The minimum inhibitory concentration for these strains is 0.125-6.25 μg/ml.

In combination with amoxicillin, it is active against Helicobacter pylori (amoxicillin suppresses the development of resistance to metronidazole).

Resistant to metronidazole

facultative anaerobes and obligate aerobes, but in the presence of mixed flora (aerobes and anaerobes), metronidazole acts synergistically with antibiotics effective against common aerobes.

Increases the sensitivity of tumors to radiation, causes sensitization to alcohol (disulfiram-like effect), stimulates reparative processes.

Pharmacokinetics

Suction

After oral administration, metronidazole is quickly and well absorbed from the gastrointestinal tract (bioavailability of at least 80%). Cmax in blood plasma ranges from 6 to 40 mcg/ml depending on the dose and is achieved 1-3 hours after taking the drug.

Distribution

Plasma protein binding – 10-20%.

Vd in adults – 0.55 l/kg, in newborns – 0.54-0.81 l/kg.

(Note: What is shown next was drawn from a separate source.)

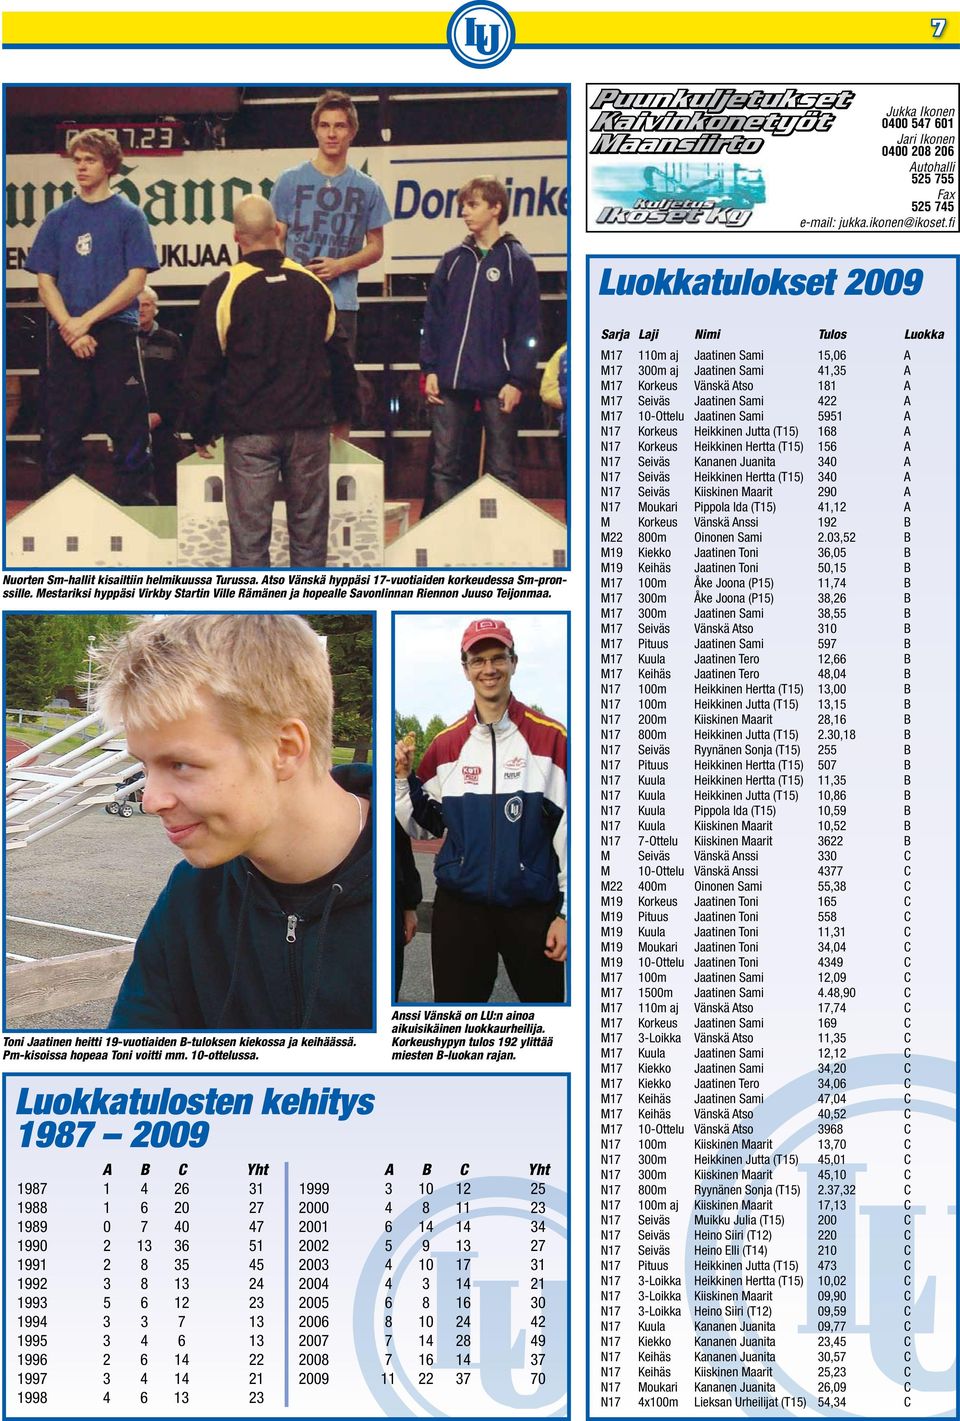 Mestariksi hyppäsi Virkby Startin Ville Rämänen ja hopealle Savonlinnan Riennon Juuso Teijonmaa. Toni Jaatinen heitti 19-vuotiaiden B-tuloksen kiekossa ja keihäässä. Pm-kisoissa hopeaa Toni voitti mm.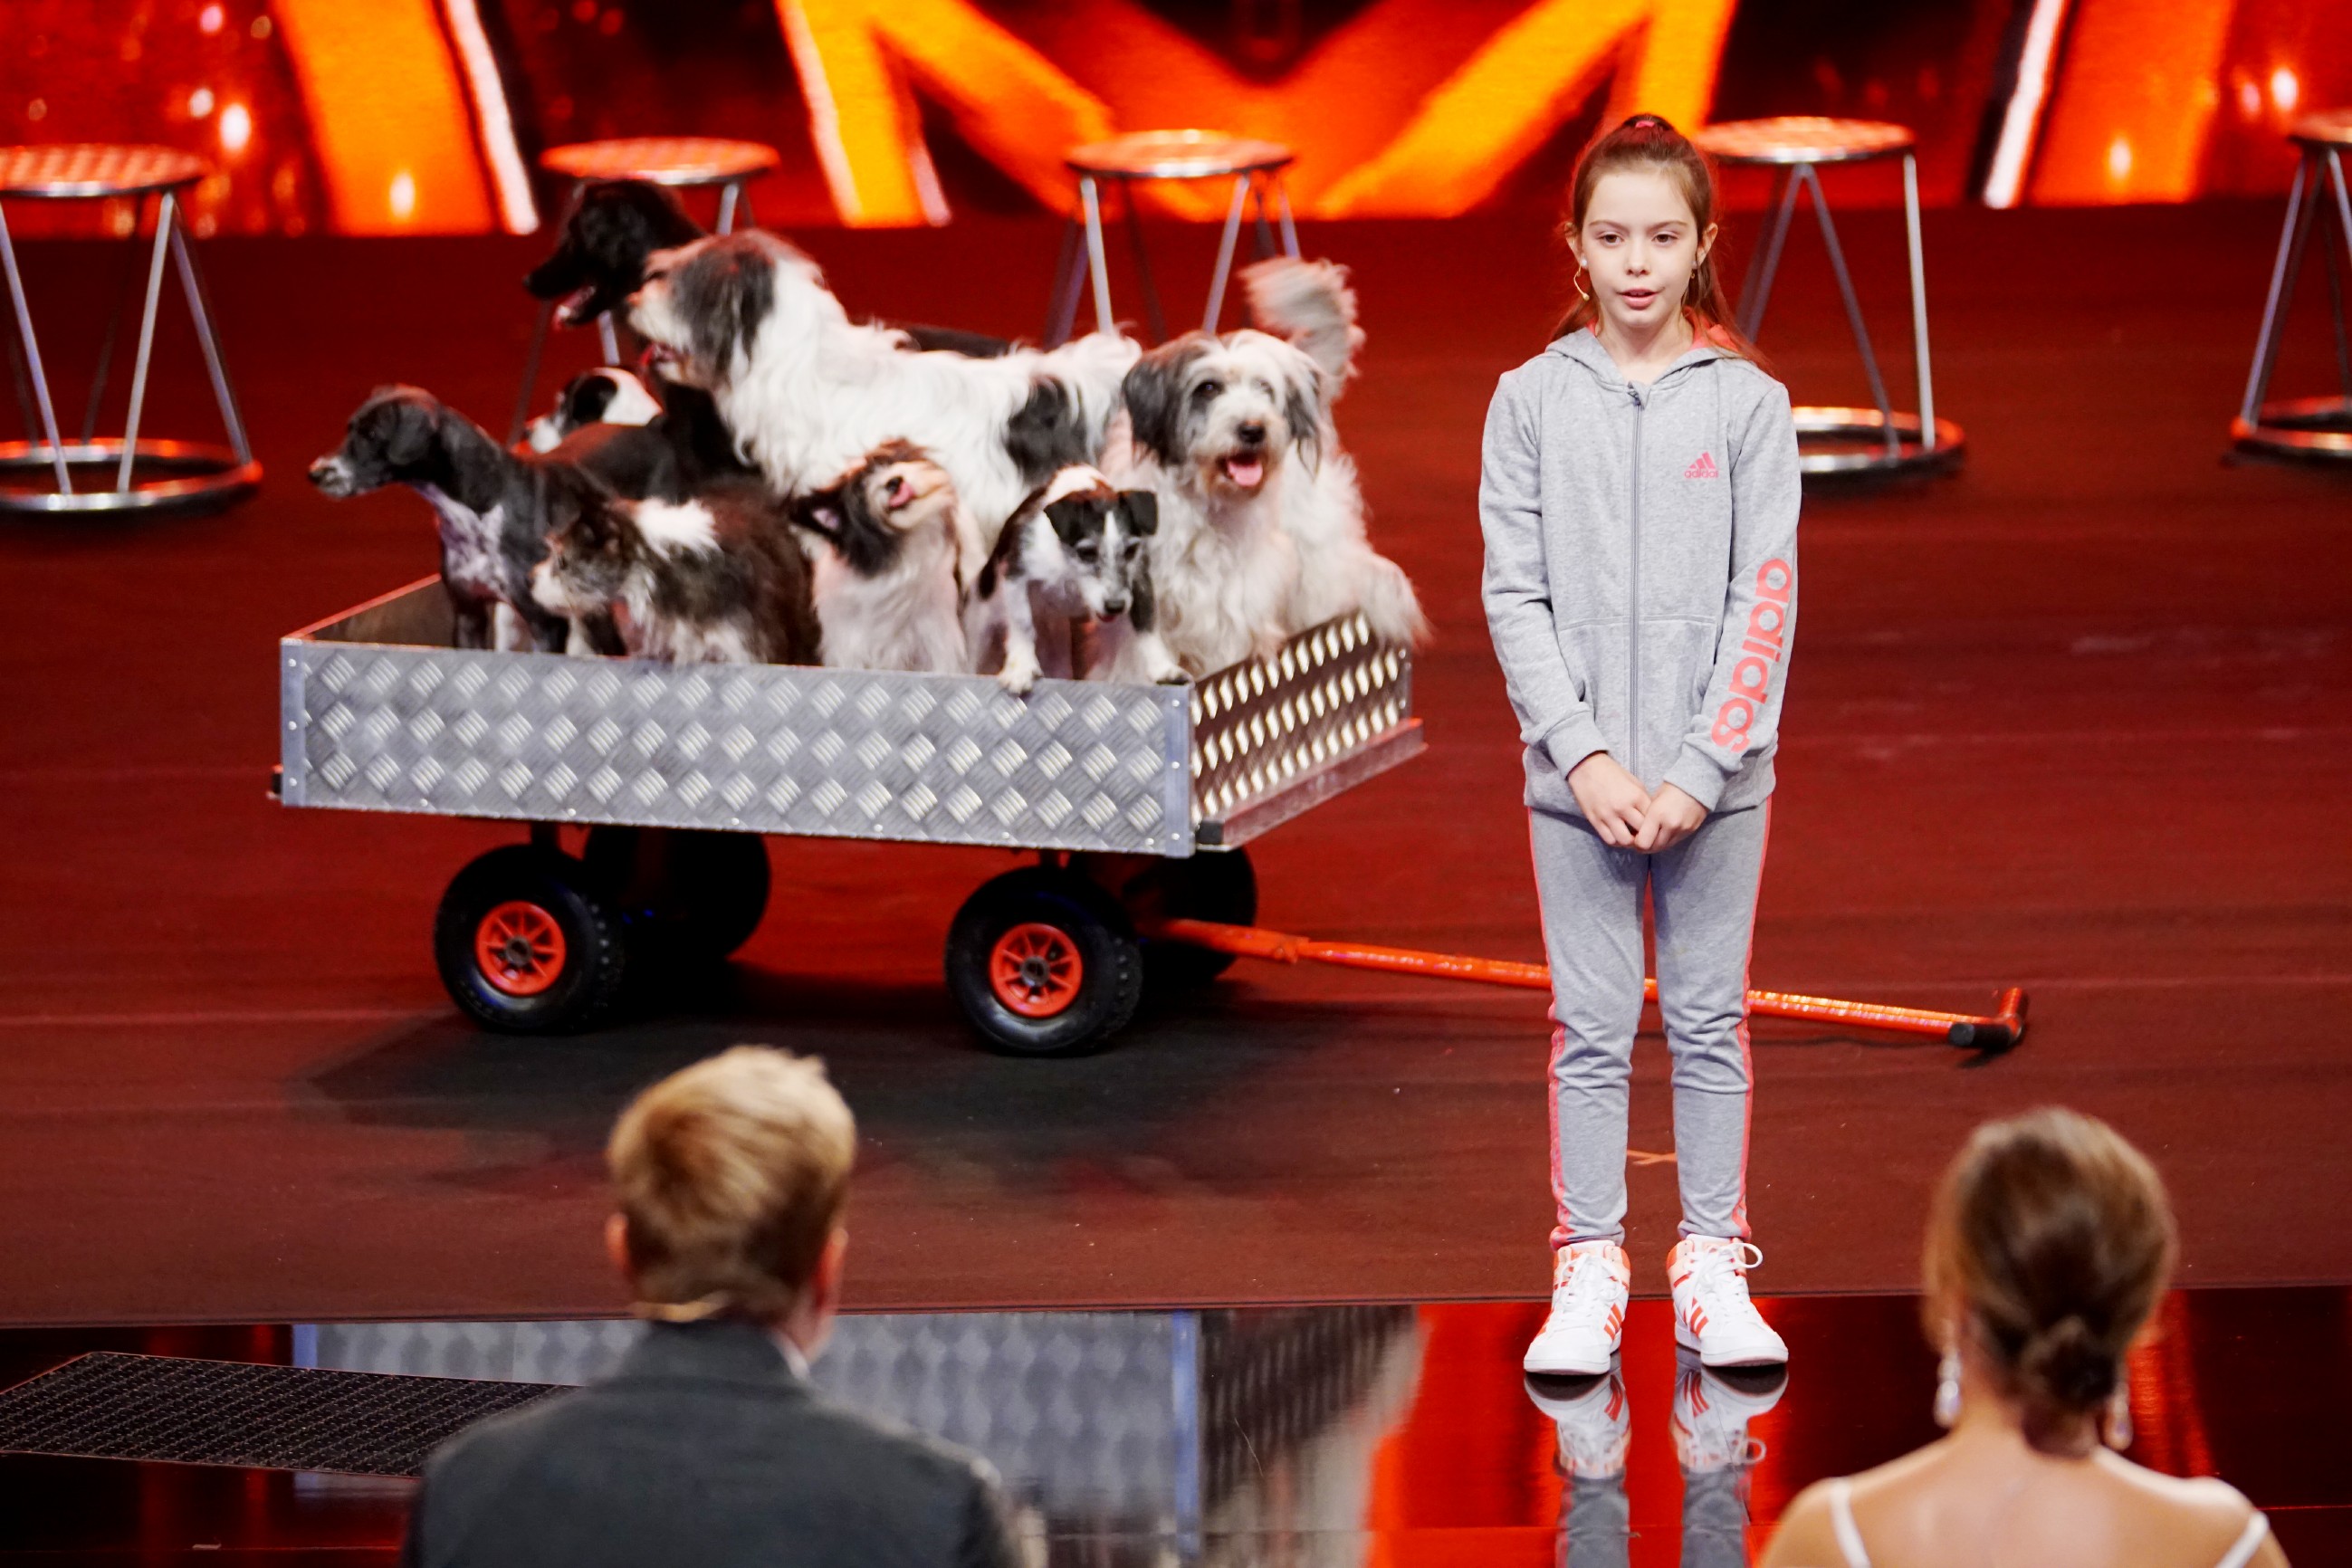 Siegerin bei "Das Supertalent 2017" wurde die erst 10-jährige Alexa Lauenburger

Metronidazole has high penetrating ability. Reaches bactericidal concentrations in most tissues and body fluids, including lungs, kidneys, liver, skin, cerebrospinal fluid, brain, bile, saliva, amniotic fluid, abscess cavities, vaginal secretions, seminal fluid, breast milk. Penetrates through the BBB and through the placental barrier.

Metabolism

Metabolized (about 30-60%) by hydroxylation, oxidation and glucuronidation. The main metabolite, 2 oxymetronidazole, also has antiprotozoal and antimicrobial effects.

Removal

Excreted by the kidneys (60-80%), 20% - unchanged; 6-15% is excreted through the intestines.

T1/2 - 8 hours (6-12 hours). Renal clearance – 10.2 ml/min.

Metronidazole and its main metabolites are quickly removed from the blood during hemodialysis (T1/2 is reduced to 2.6 hours). During peritoneal dialysis, it is excreted in small quantities.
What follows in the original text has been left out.